Synthetic monitoring

The Synthetic Checks page (Reliability → Synthetic checks) is where you declare every external probe Vigilo should run on a schedule. It covers five check types: HTTP/HTTPS request, TCP port, DNS lookup, ICMP ping, and Heartbeat (dead-man's-switch).

Heads-up on the old "Monitoring" module. Vigilo used to ship a separate "Monitoring" surface for declaring host registrations and capturing per-host TLS snapshots. That has been consolidated into Certificates, which now owns "what hosts do we scan, and what cert did we see." Synthetic Checks (this page) is the active probe-scheduling surface; Certificates is the cert inventory + scan surface. The legacy /ws/<slug>/monitoring URL redirects to /certificates so old bookmarks keep working.

Overview

A SyntheticCheck represents one probe that Celery executes on a configurable interval. Each check produces a stream of SyntheticResult rows tagged with status (ok / fail), response time, and any error message. Per-check stats (uptime, p50 / p95 / p99 latency, sample count) are computed on demand for the last 7 days.

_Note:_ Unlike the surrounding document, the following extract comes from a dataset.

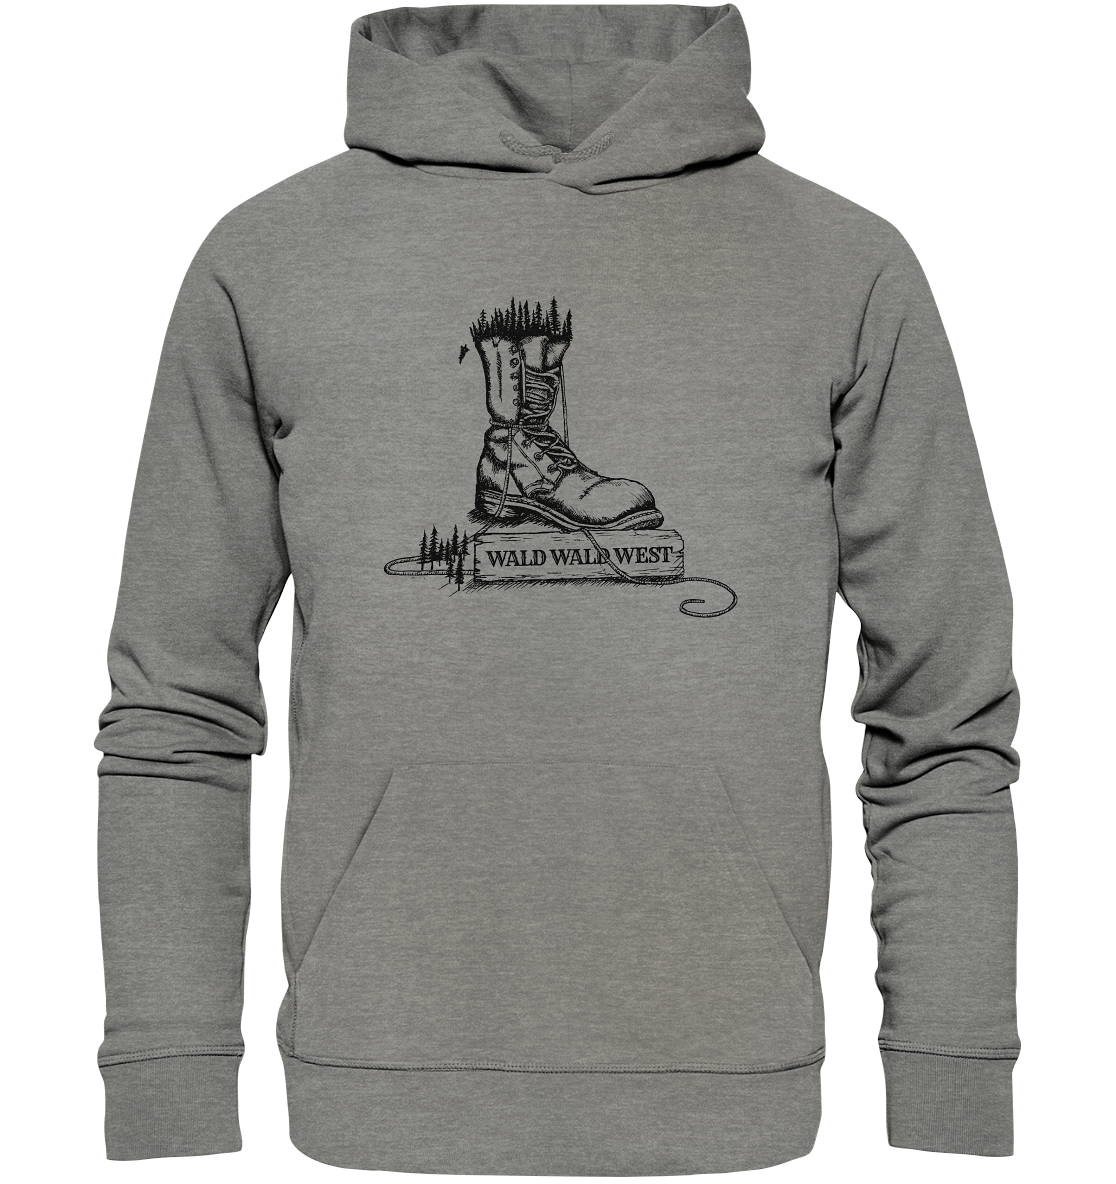 front-organic-hoodie-818381-1116x.png

The page lays the checks out as a card grid with status-derived dots (green = active, amber = snoozed, red = heartbeat overdue, grey = disabled). The header KPI strip summarises Total / Active / Snoozed / Overdue heartbeats so the operator sees the workspace state without scanning rows.

Check types

HTTPS request — full TLS handshake plus a GET on the URL; expected status (default 200) and optional response-body substring match.
HTTP request — same as HTTPS, plaintext.
TCP port — raw socket connect with a timeout. Useful for SMTP / SSH / database ports where an HTTP probe wouldn't apply.
DNS lookup — resolves a hostname against the workspace's configured resolver and asserts a record type returned.
ICMP ping — ping -c1 with a configurable timeout. Useful for layer-3 reachability checks of internal hosts that don't expose ports to the scanner.
Heartbeat (dead-man's-switch) — Vigilo issues a unique URL; your cron job / batch worker POSTs to it on every run. When the gap between pings exceeds the expected interval, Vigilo flips the check to "overdue" and fires the configured alerts. Cronitor / Healthchecks.io style.

Common workflows

1. Create a check

Click the + button in the page header.
Pick a check type. The form re-renders to show only the fields that type needs (URL for HTTP / HTTPS; hostname + port for TCP; etc.).
Set the check interval. Most types default to 5 minutes; heartbeats default to "expect a ping every 15 minutes."
Save. Synthetic execution starts immediately on the next Celery tick.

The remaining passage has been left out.